I’ve never really understood why data-oriented people are so slow and unwilling to put into action the best practices from traditional IT. I mean, in 2014, it’s not rare to find a database’s code not protected by a source control or to find an etl-developer fixing a bug directly in production environment. It’s just the same for “automated tests”, a standard in most .Net/Java/Python development but not so common as soon as you go to the data side (Sql, Olap, Etl, …).
Test automation is the use of a dedicated software to control the execution of tests and the comparison of actual outcomes with expected outcomes. All the steps involved in this process of tests’ execution are handled by a software. It means that a software will prepare the environment, execute the tests and also decide if these tests are positive or not.
The big advantage of test automation is repeatability. You don’t care how many times you’ll need to execute the tests, it will be done by a software (usually lowering the costs of testing sessions). But you’ve a few other advantages not so obvious such as the lake of distraction and human mistakes. To illustrate this, think about the last time you’ve compared two columns of 25 figures. If one figure is not the same than it’s vis-a-vis, are you sure you’ll spot it? Even if you’ve already made this comparison 10 times with success? A software doesn’t suffer from distraction or lassitude.
A lot of people claim that test automation is time expensive. It’s true that the implementation of tests will surely have a higher cost with a strategy of automation than with any other strategy. But you’re usually implementing your test once and executing them several times.The cost involved during the execution of an automated test is at zero (or close to it). The price of an automated test-suite will become affordable if you plan to execute your tests more than a few times. Testing often is a prerequisite for a quality software. Test as often as possible and it’ll save you time. Time is also generally a concern for people avoiding to automate their test-suite. They are in the rush and want to save time. For the I only have one answer, you don’t have time because you’ve not automated your test-suite.
Testing a cube with or without automation is not different. You’ll need to proceed to the same tests: cube structure, dimensions’ members and finally measures. Other points such as security, performances, load, should also be tested but are out-of-scope for this post.
When you test the structure of a cube, you should check if all expected dimensions, hierarchies, measures and so on are there. It’s also important that you’ve no unexpected artifacts. You should also ensure that the relations between dimensions and facts are effectively available for end-users.

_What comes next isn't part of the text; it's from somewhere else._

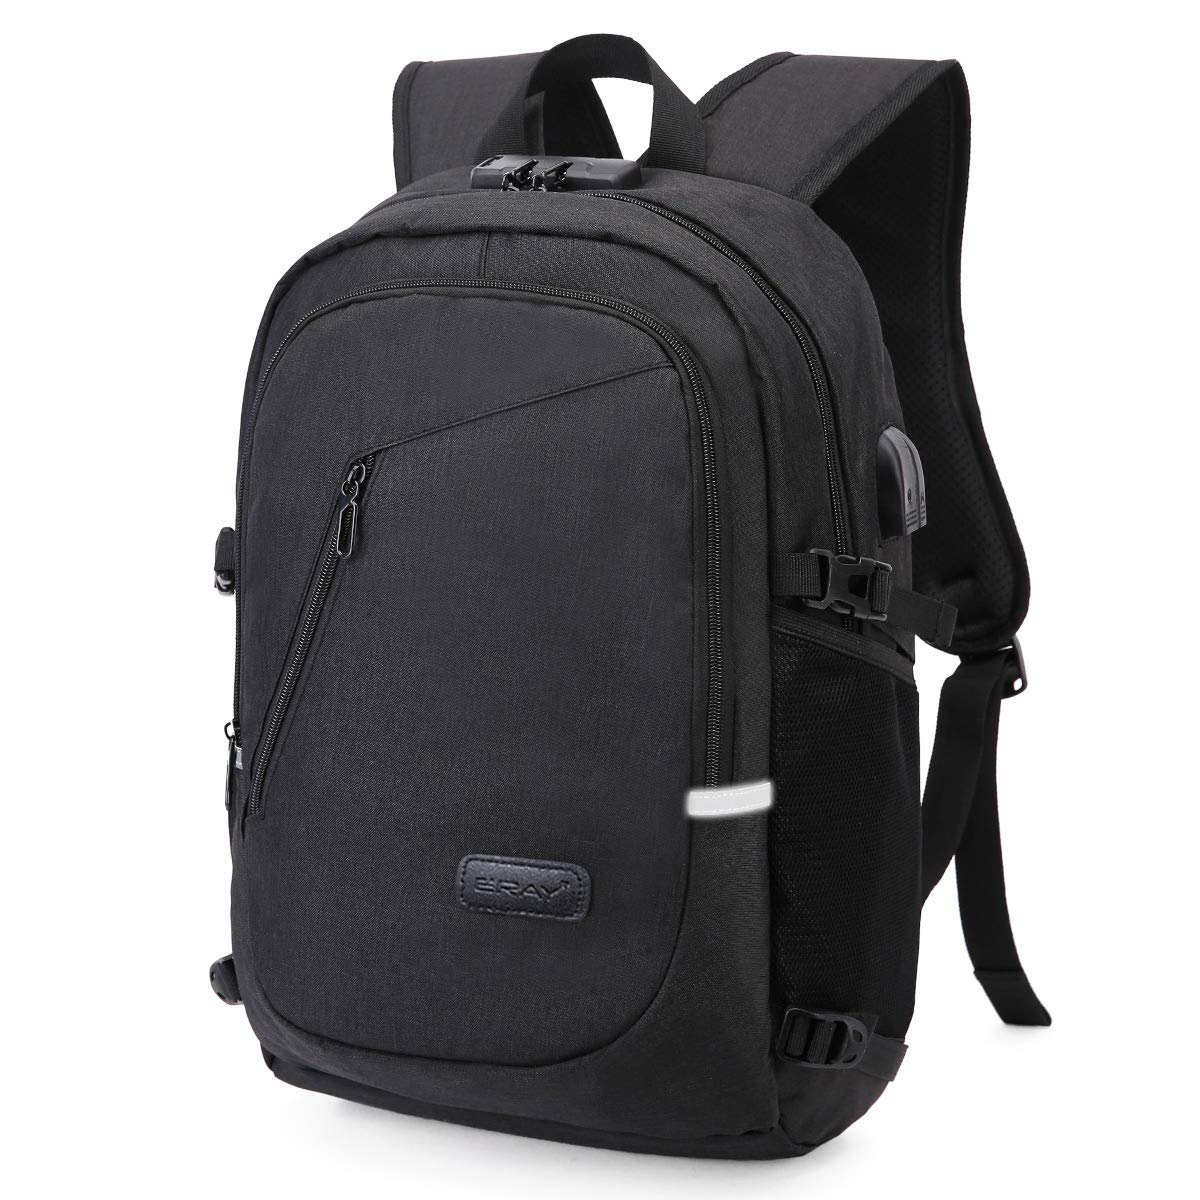 Anti Theft Backpacks For The Frequent Traveller | TouristSecrets

About dimensions’ members, you’ll be interested to assert their availability and validate their ordering (alphabetically or numerically or chronologically or specific). To check the availability of members, you’ll usually compare the content of your cube with your source system or with your data warehouse. But it’s not necessary the smarter idea because you’ll have to implement in your test all the rules written in your etl or in the security layer and filtering the members visible for the end-user. It could be tricky and error-prone. It’s sometimes smarter to ask your stakeholders what are the members that they are sure they want to show and how much they are expecting. Based on this information, it’s possible to ensure that the members given by your stakeholders are effectively visible in your cube and that the actual count of members is indeed close to the figure given by your stakeholders.
About measures, you need to check that aggregations are correct (not a sum in place of an average), that they are correctly linked to the expected members for each dimension and that all calculations are correctly based on other available facts. You’ve really a huge diversity of tests to think about. For your reference, again, the source application or the data warehouse are interesting but don’t forget also to check the likelihood with stakeholders. They probably have good ideas about ranges for all the figures they are requesting, you could find some existing reports on these facts and these reports are also a good source of expectations, if you introduce a tolerance.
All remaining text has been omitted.